Your objective ->
Each line from the one containing "thermochromic pigment" to the end of the material below is to be restated exactly, with pictures skipped.

Information shown ->
-----

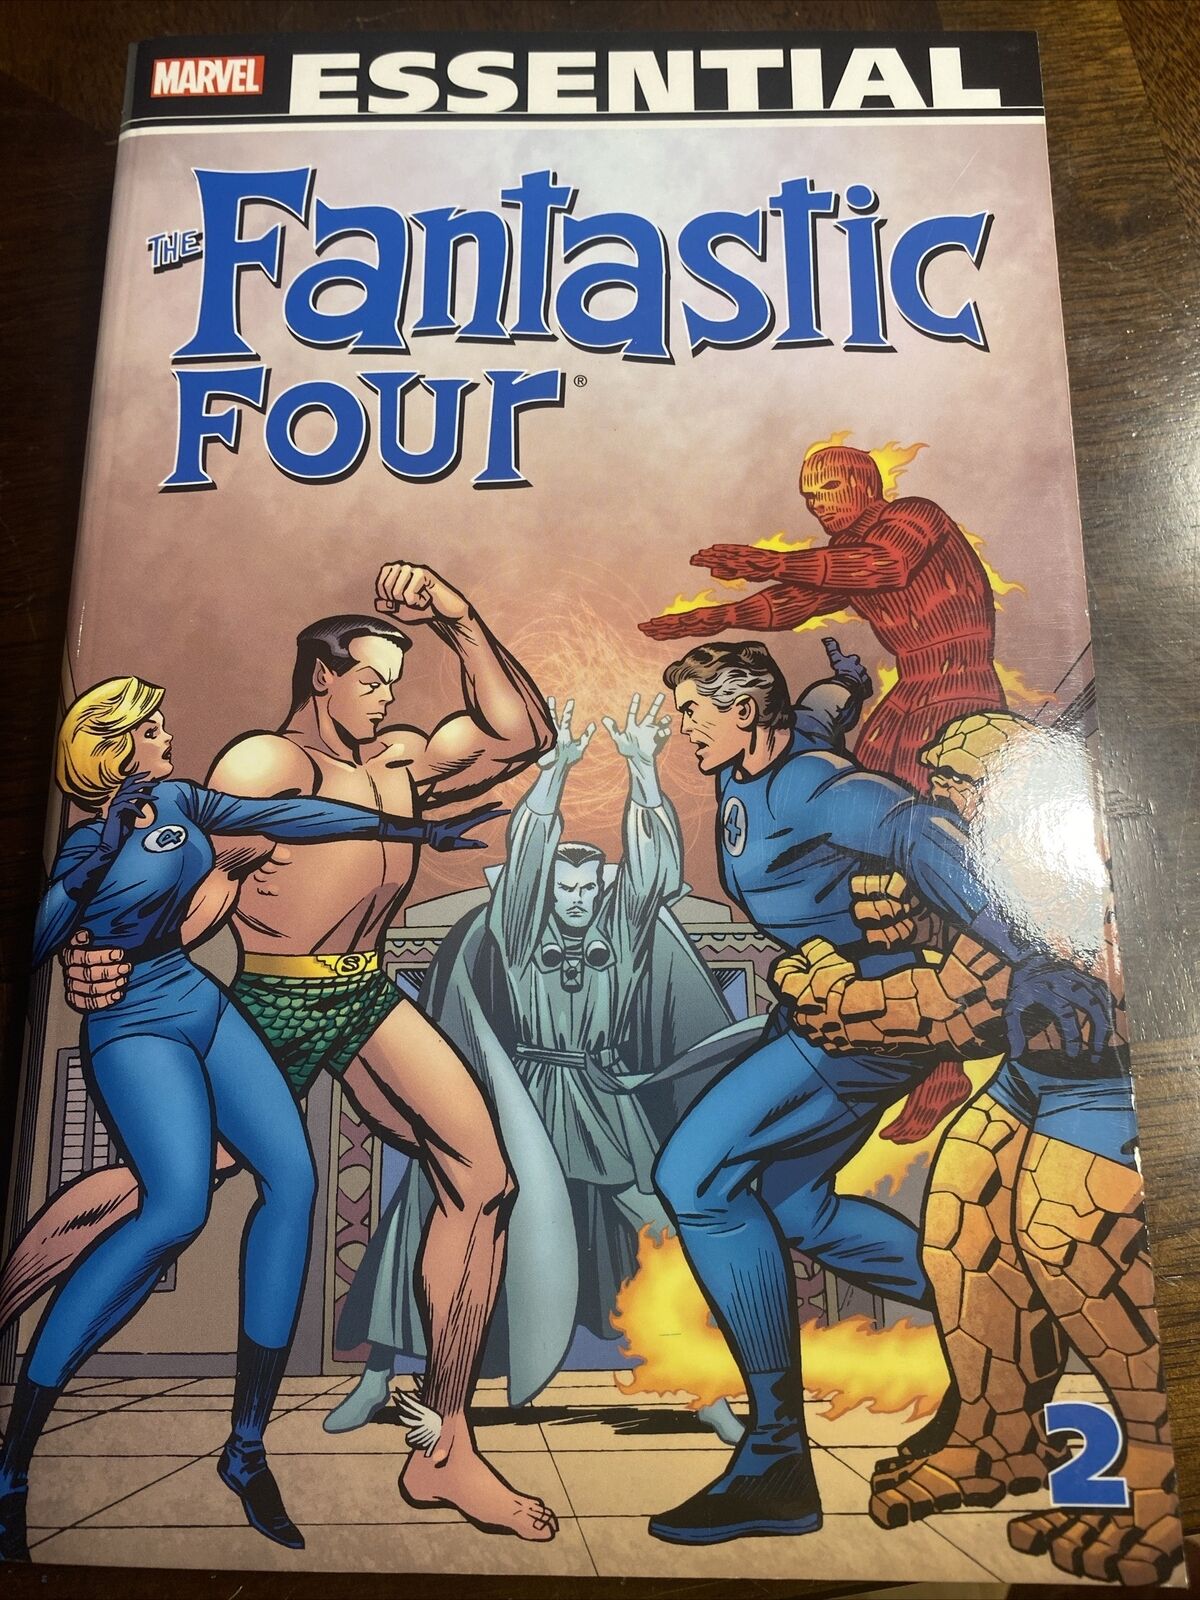 Marvel Essential Fantastic Four Vol. 2 #21-40 Annual 2 TPB - 2011
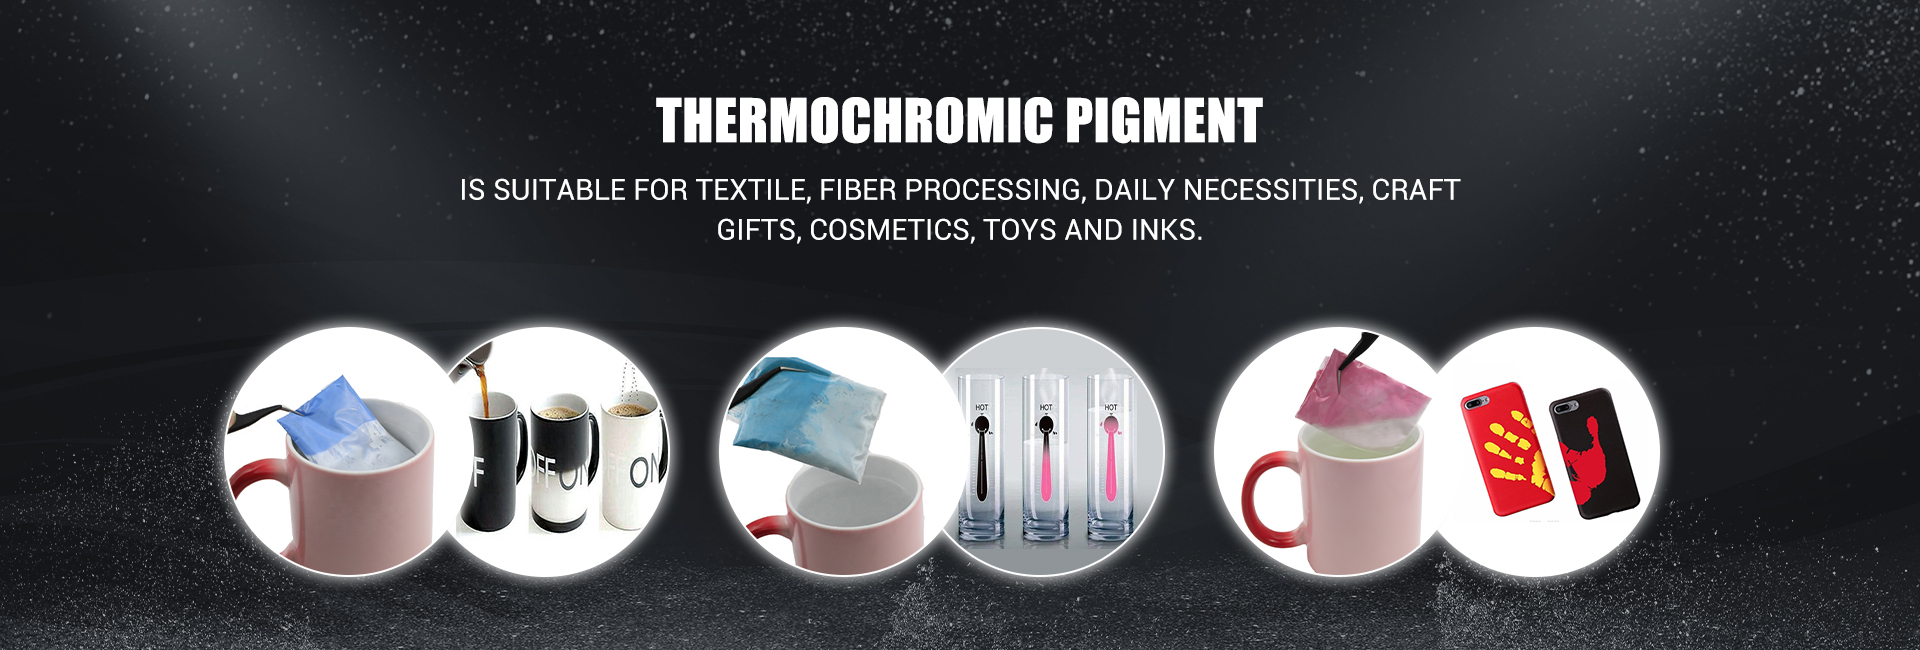 thermochromic pigment
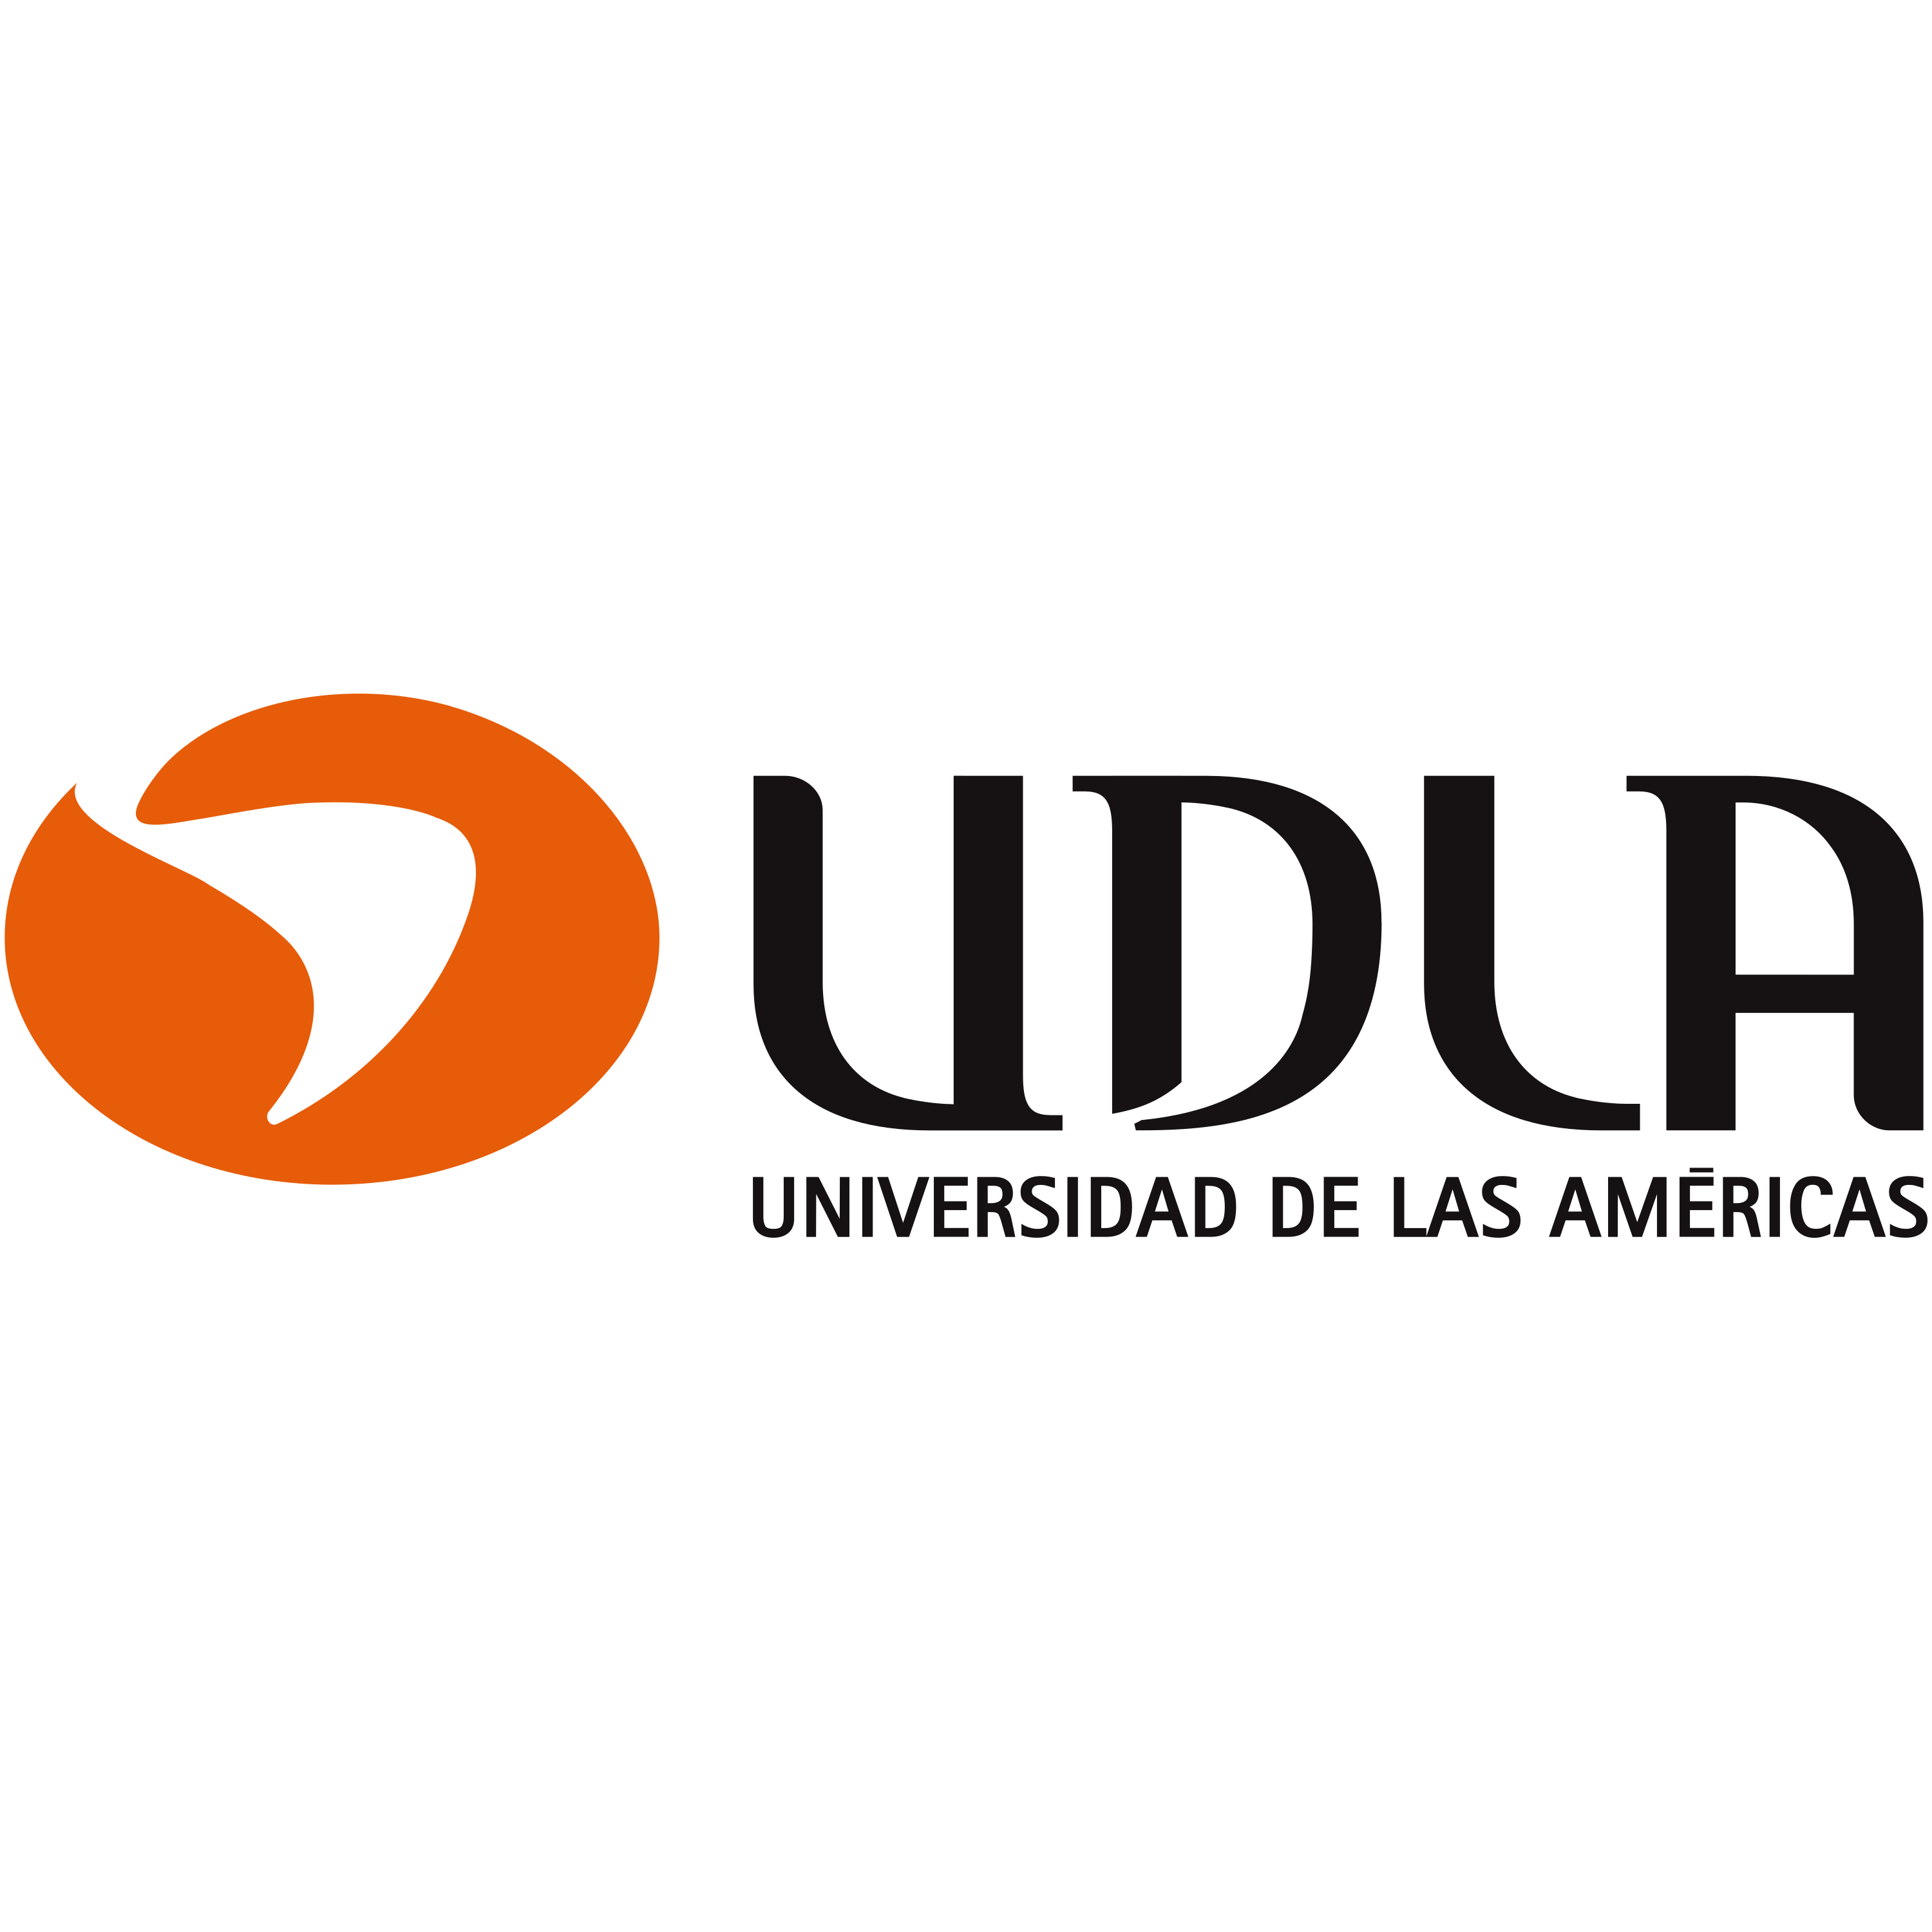 UDLA Logo  Transparent Image

-----

Output of the exercise ->
 thermochromic pigment
 UDLA Logo  Transparent Image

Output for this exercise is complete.